Set down only these lines, exactly: the line containing "Mit Söllner Reisen" and all lines through the end of the data below. Omit pictures.
+++ Supplied data +++
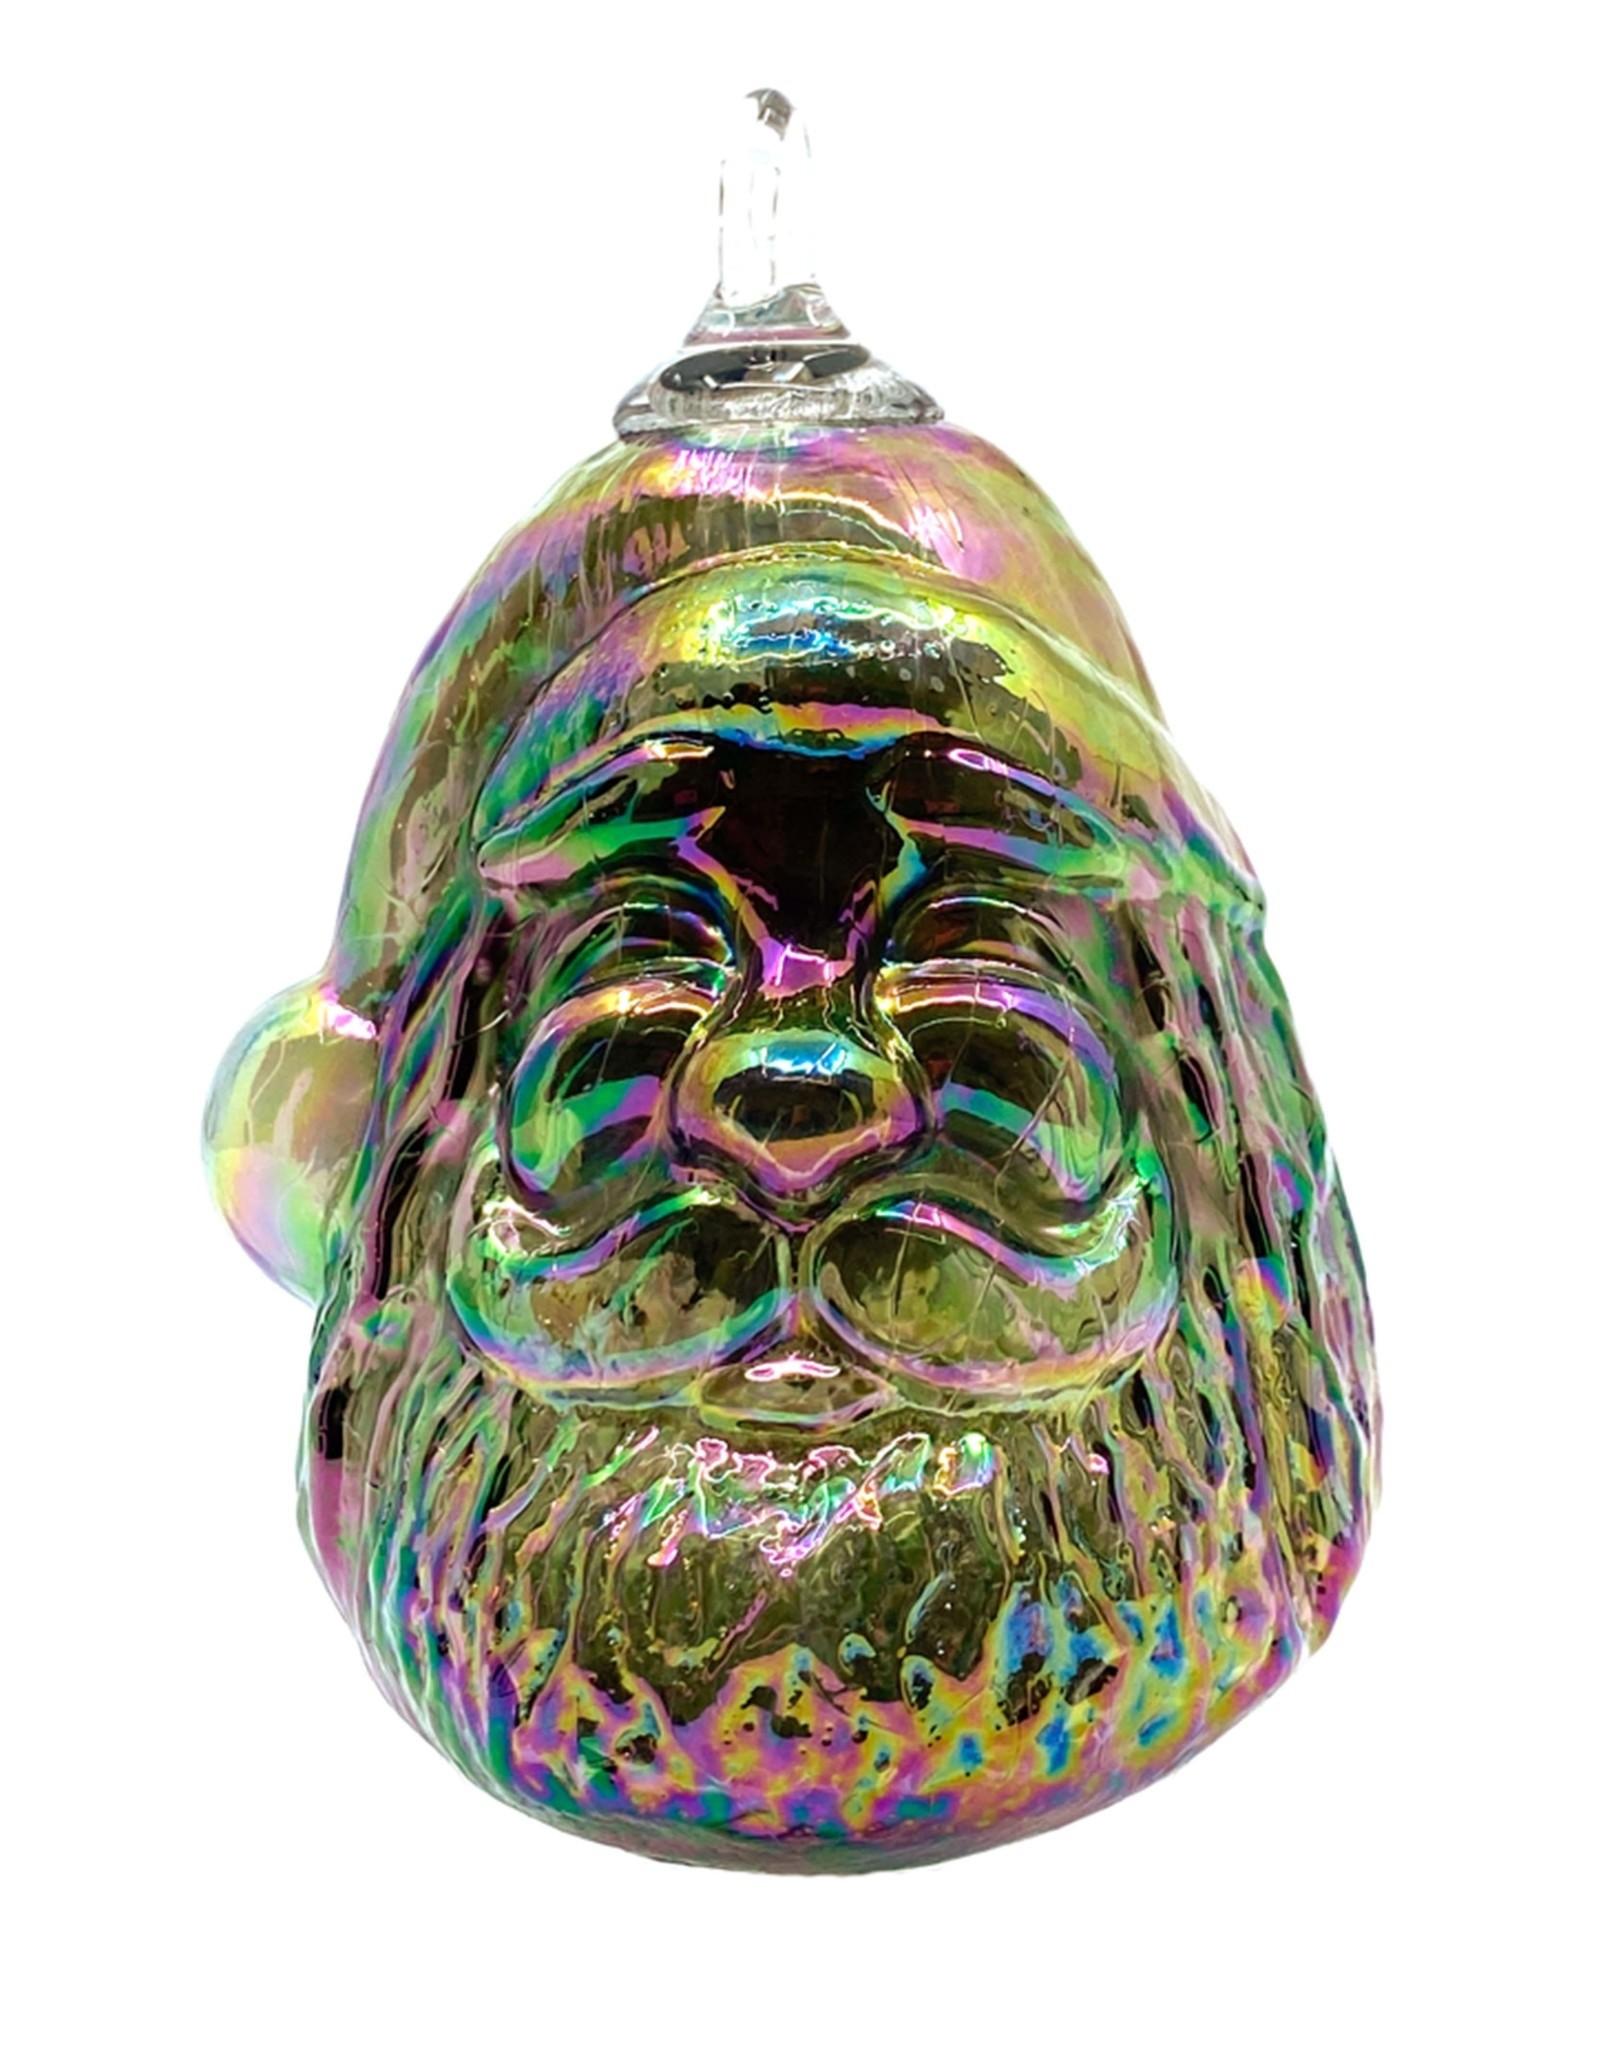 GLASS EYE COAL LUSTER SECRET SANTA ORNAMENT
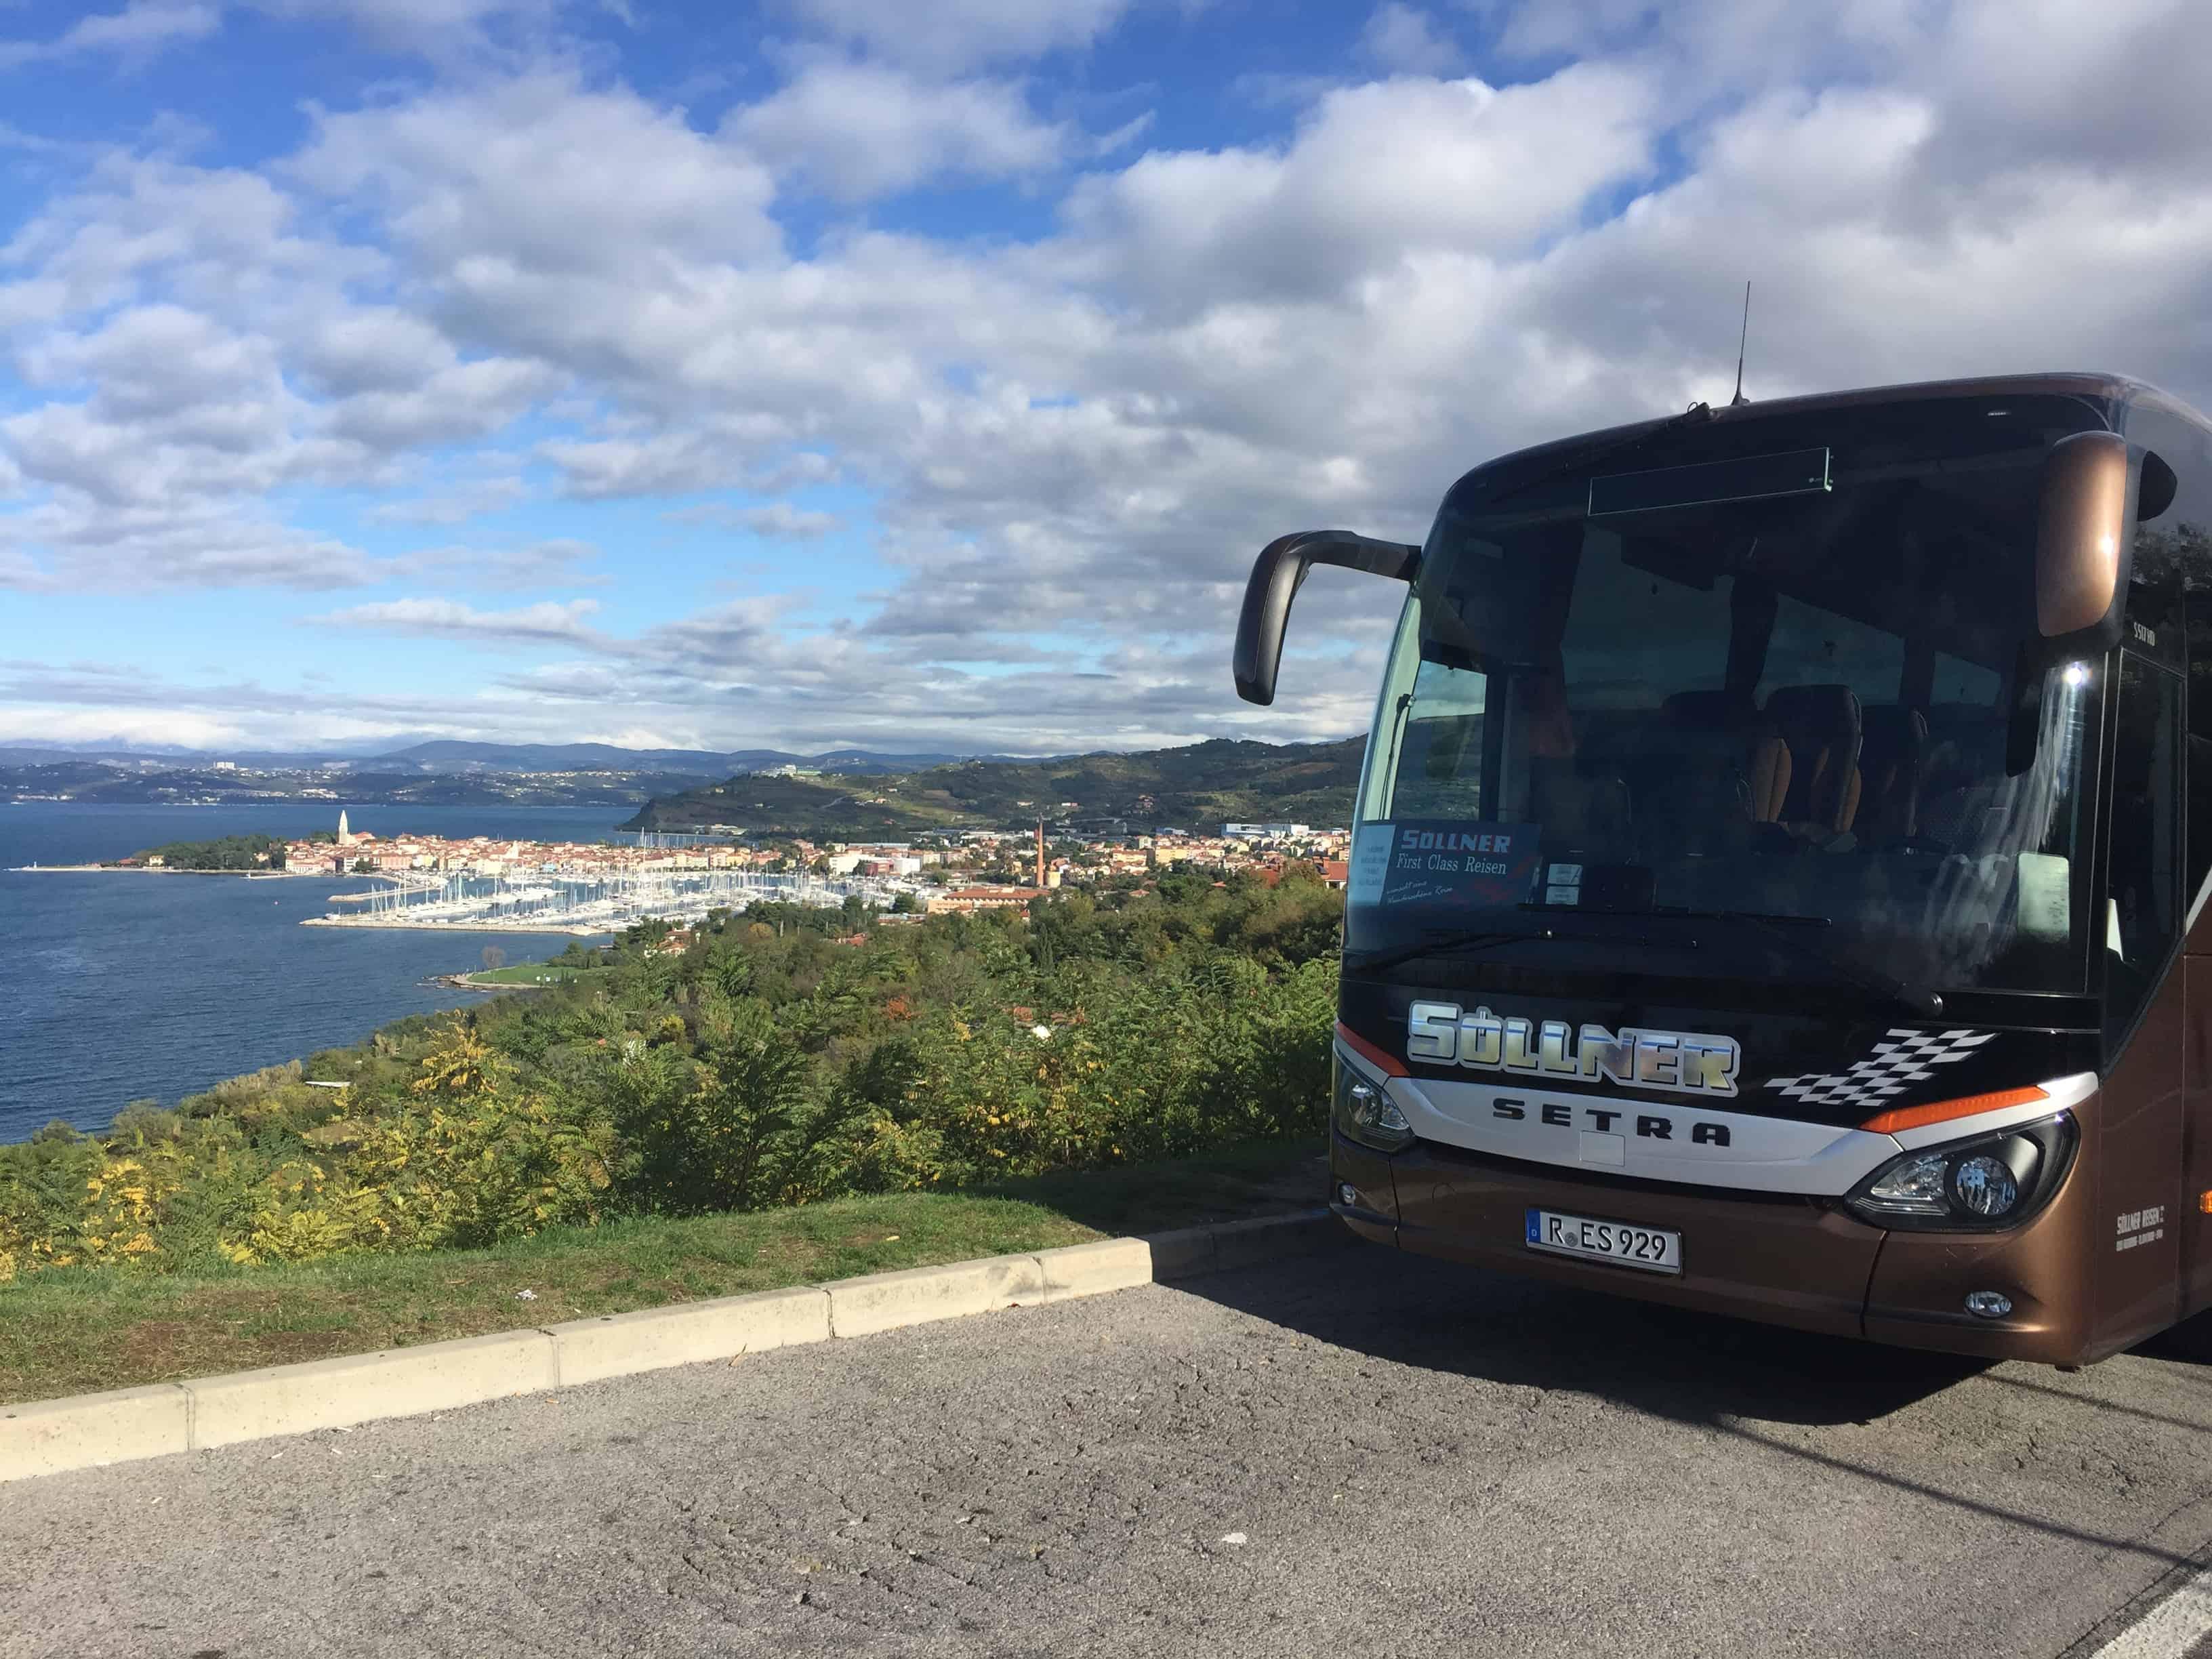 Mit Söllner Reisen in die schottischen Highlands und nach Slowenien
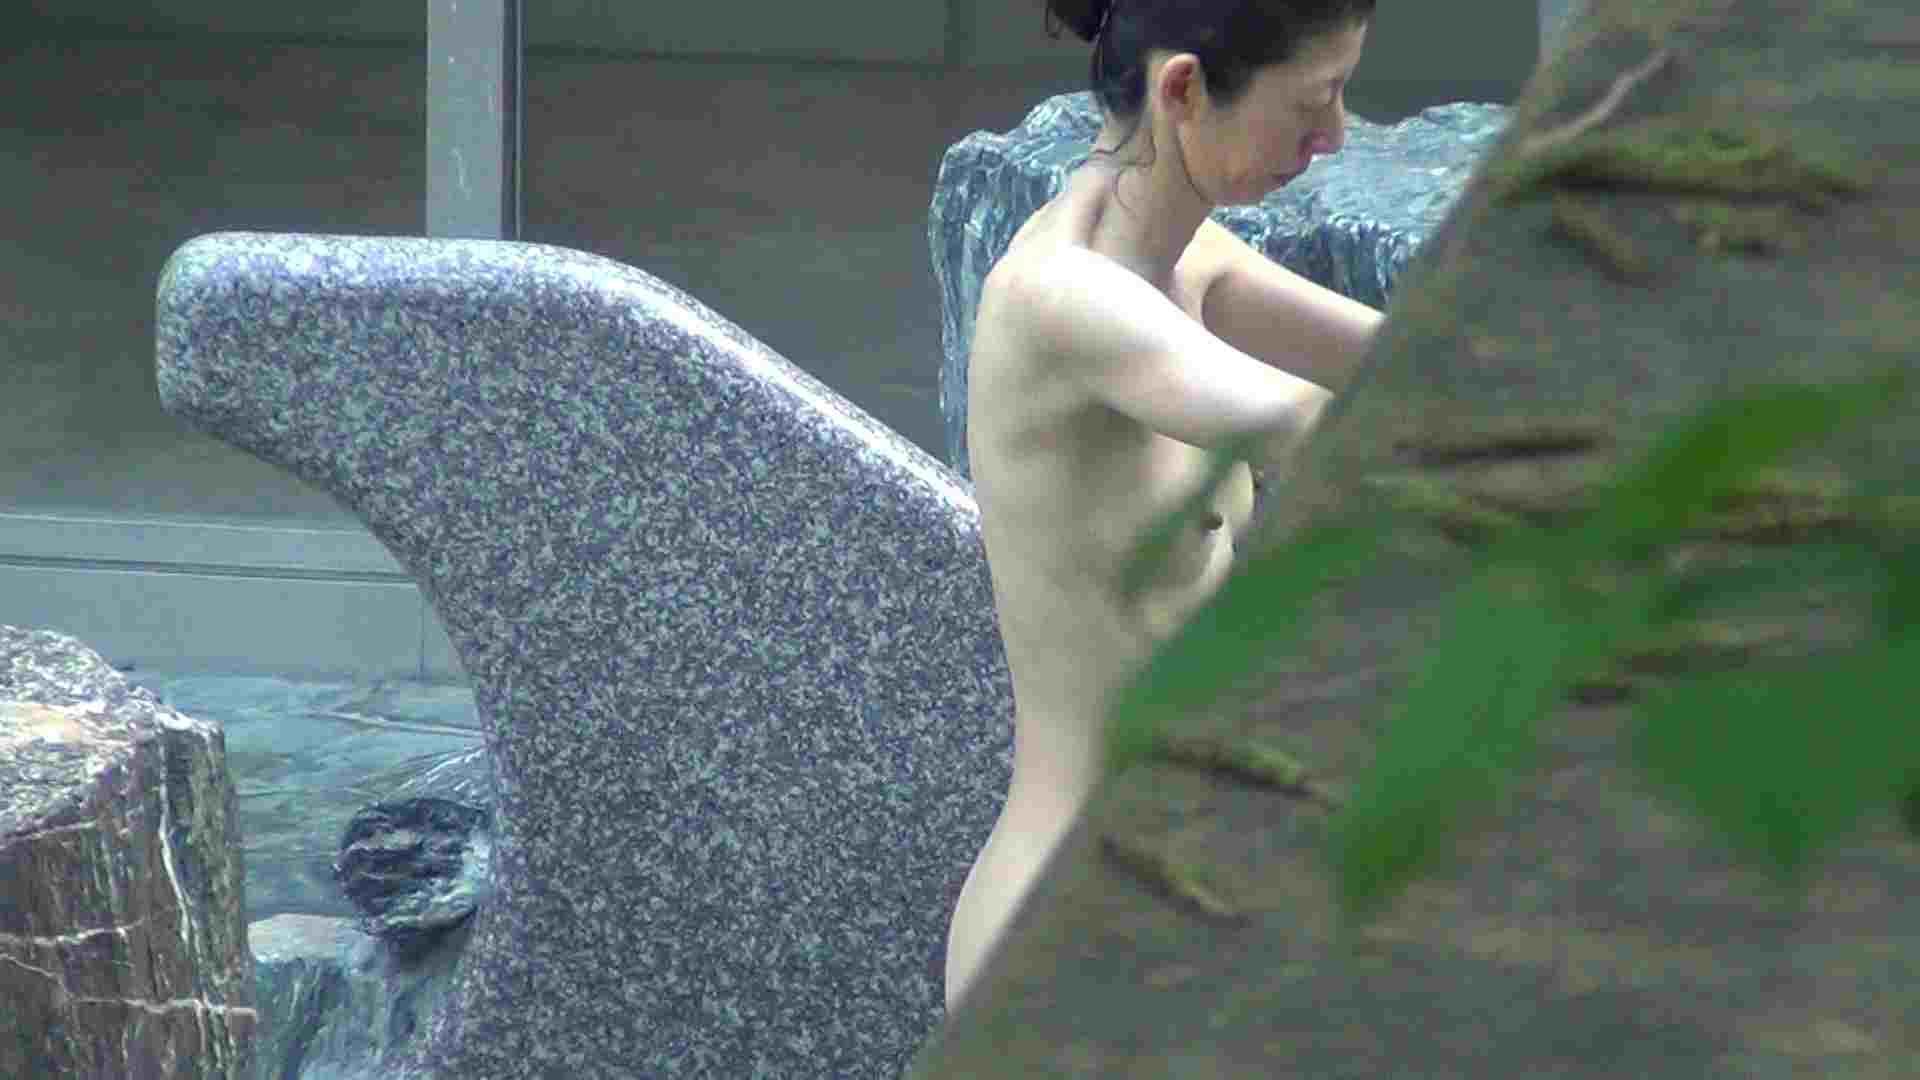 ハイビジョンVol.9 美女盛り合わせ No.3 OLの実態 隠し撮りおまんこ動画流出 31pic 8
+++
### [Output]
 Mit Söllner Reisen in die schottischen Highlands und nach Slowenien
 ハイビジョンVol.9 美女盛り合わせ No.3 OLの実態 隠し撮りおまんこ動画流出 31pic 8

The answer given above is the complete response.